• _SOURCE DATA_:
───

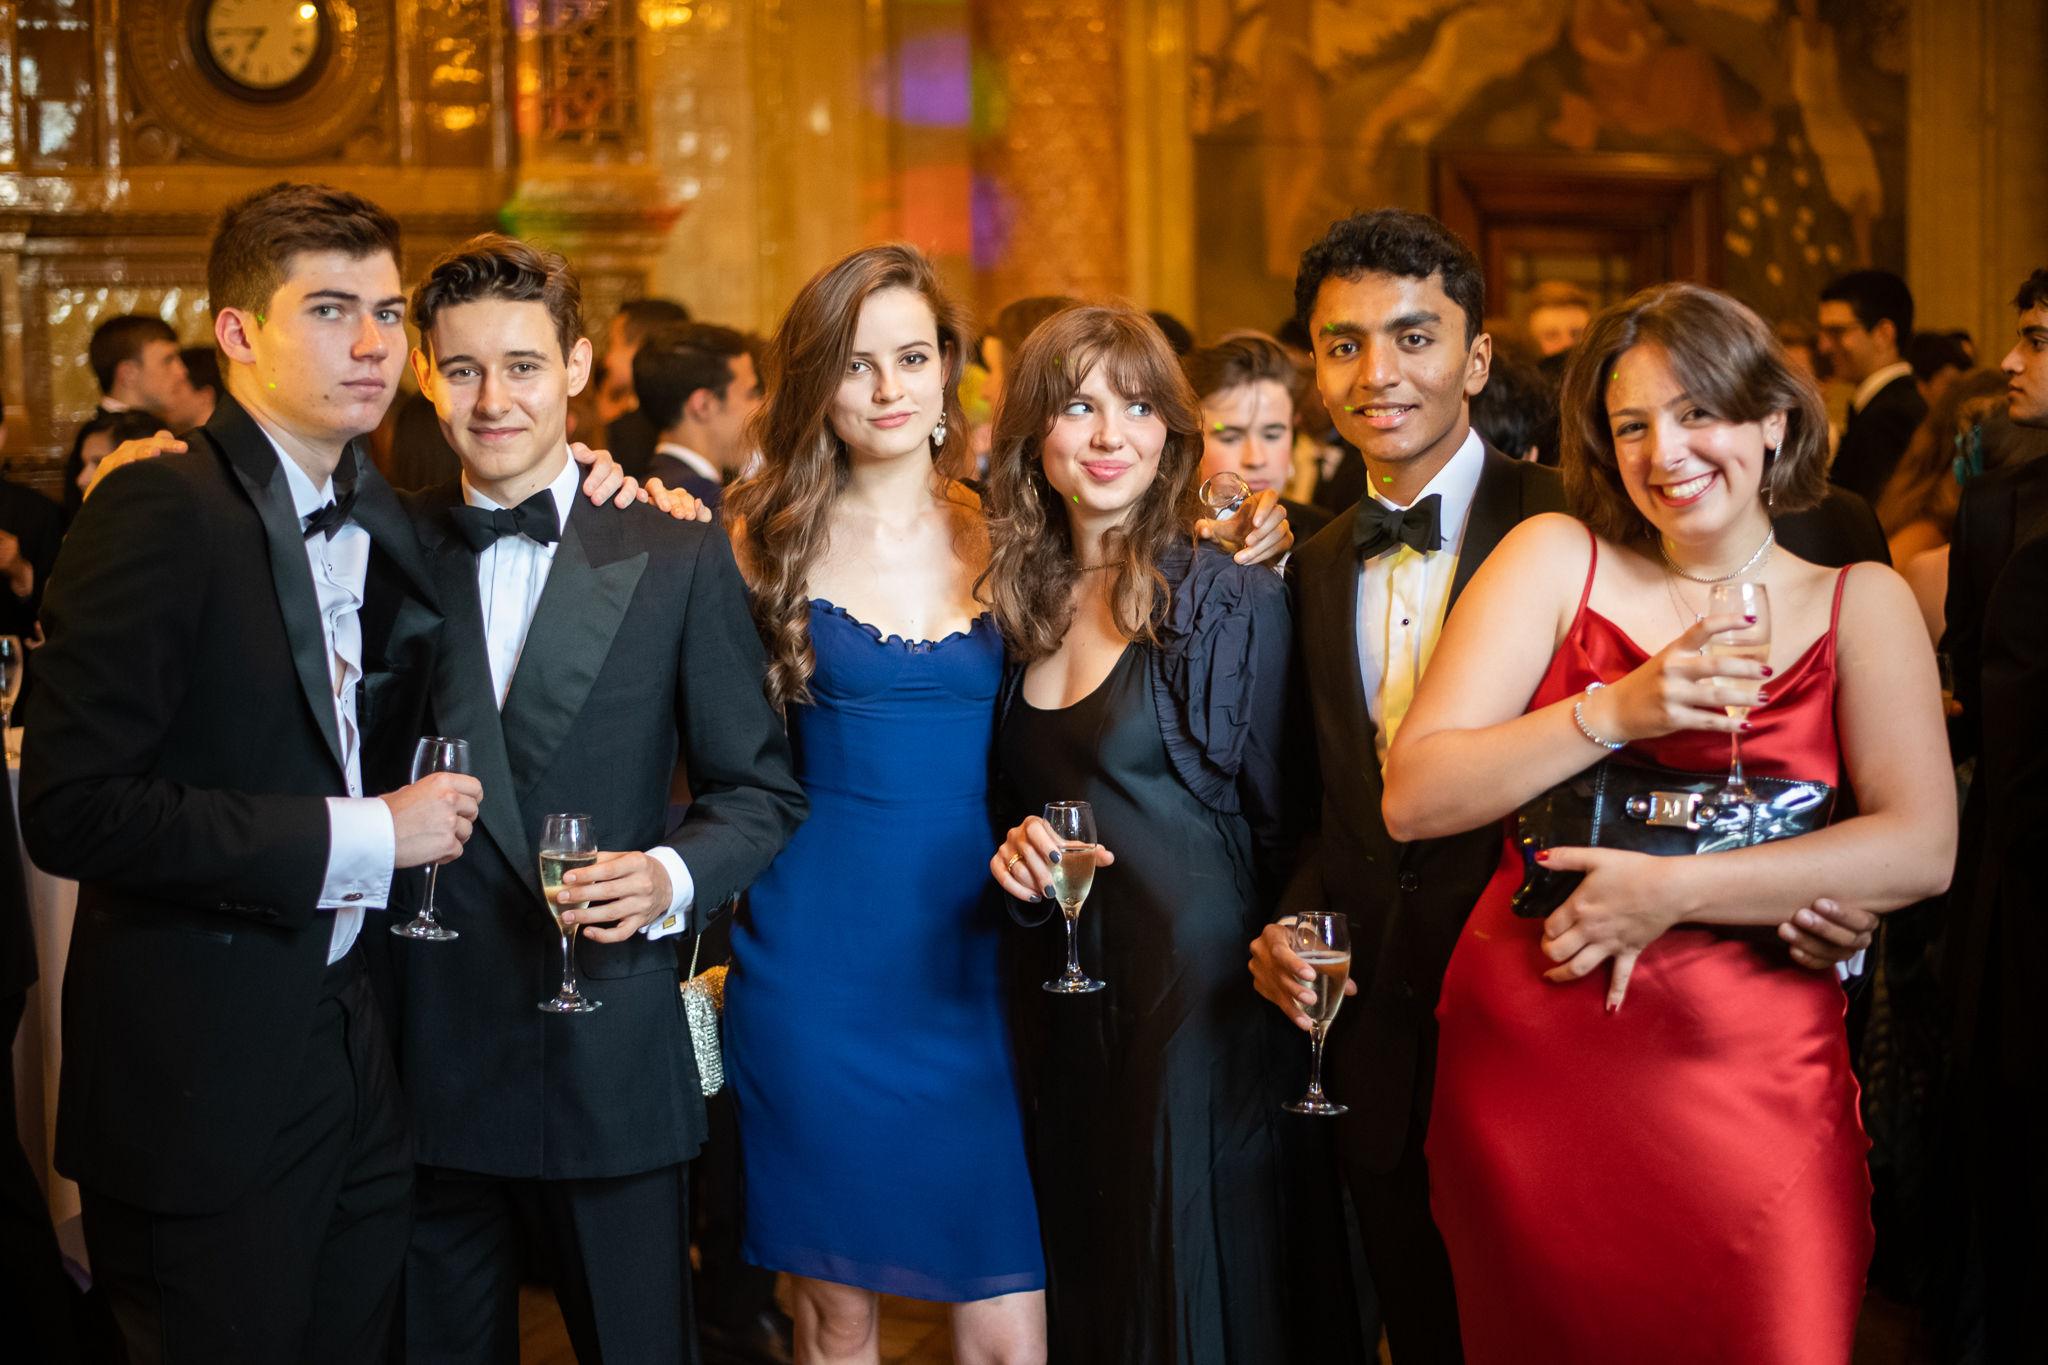 Westminster_Ball-25.jpg
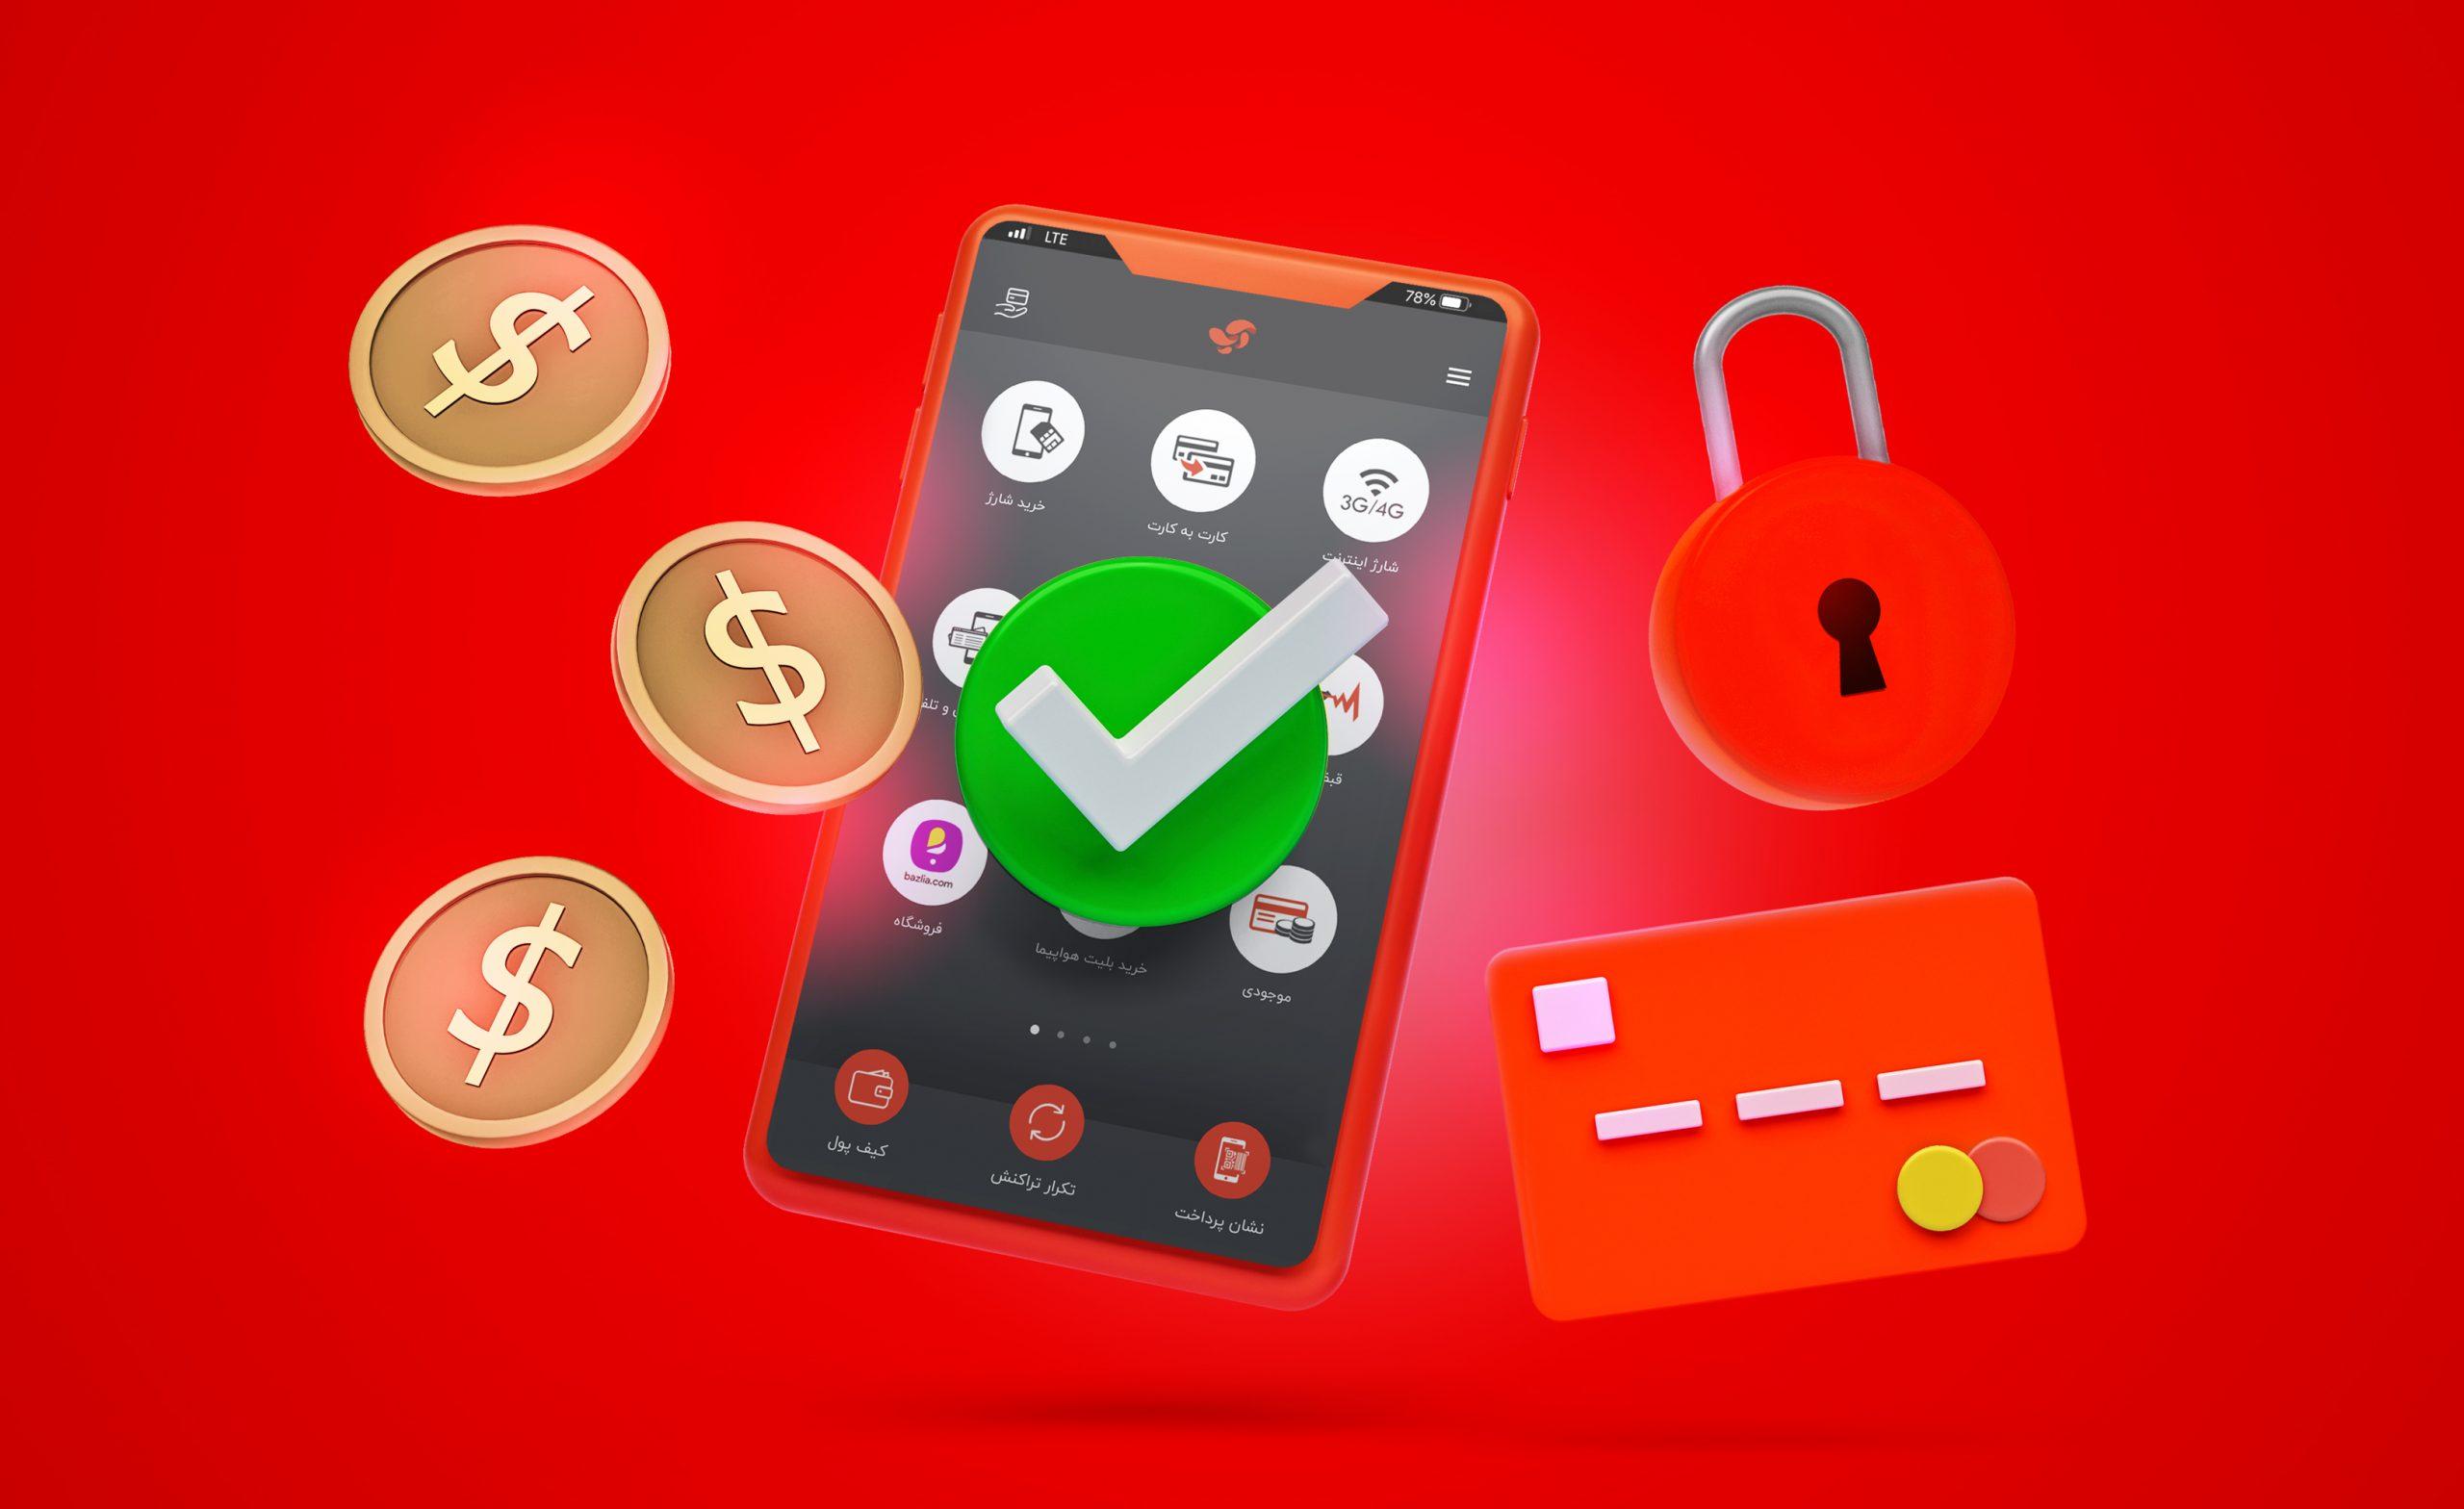 آسانپرداخت و پرداخت موبایلی مبتنی بر EMV
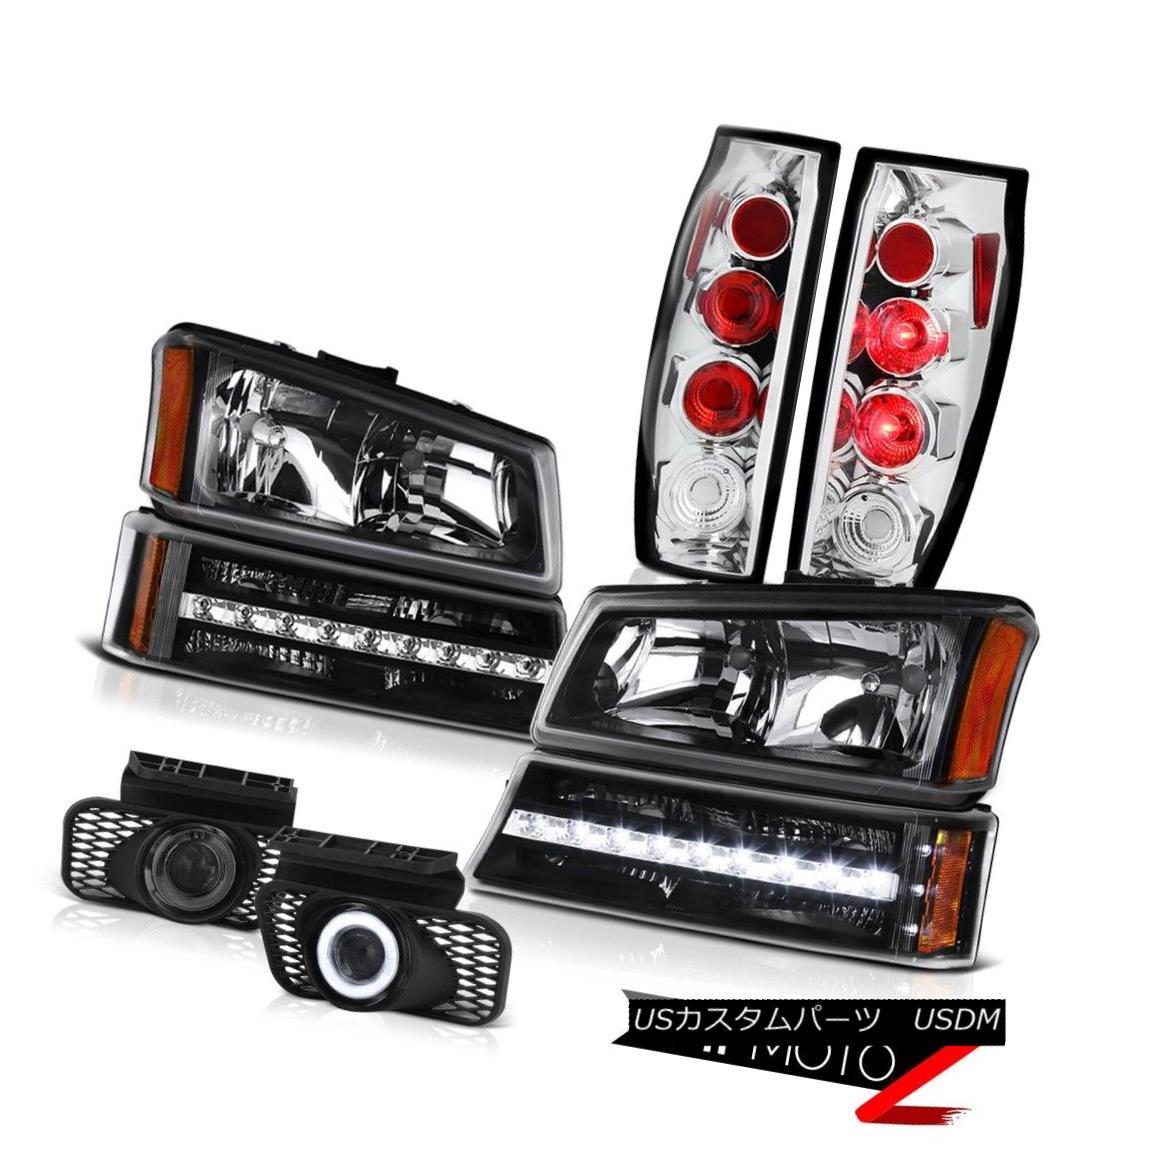 テールライト 03-06 Avalanche 1500 Fog Lights Tail Matte Black Parking Light Headlights Euro 03-06雪崩1500霧ライトテールマットブラック駐車ライトヘッドライトユーロ

───

• _PROBLEM TO WORK ON_: Omit the pictures and output all remaining material exactly.

• _RESPONSE BOX_:
 Westminster_Ball-25.jpg
 آسانپرداخت و پرداخت موبایلی مبتنی بر EMV
 テールライト 03-06 Avalanche 1500 Fog Lights Tail Matte Black Parking Light Headlights Euro 03-06雪崩1500霧ライトテールマットブラック駐車ライトヘッドライトユーロ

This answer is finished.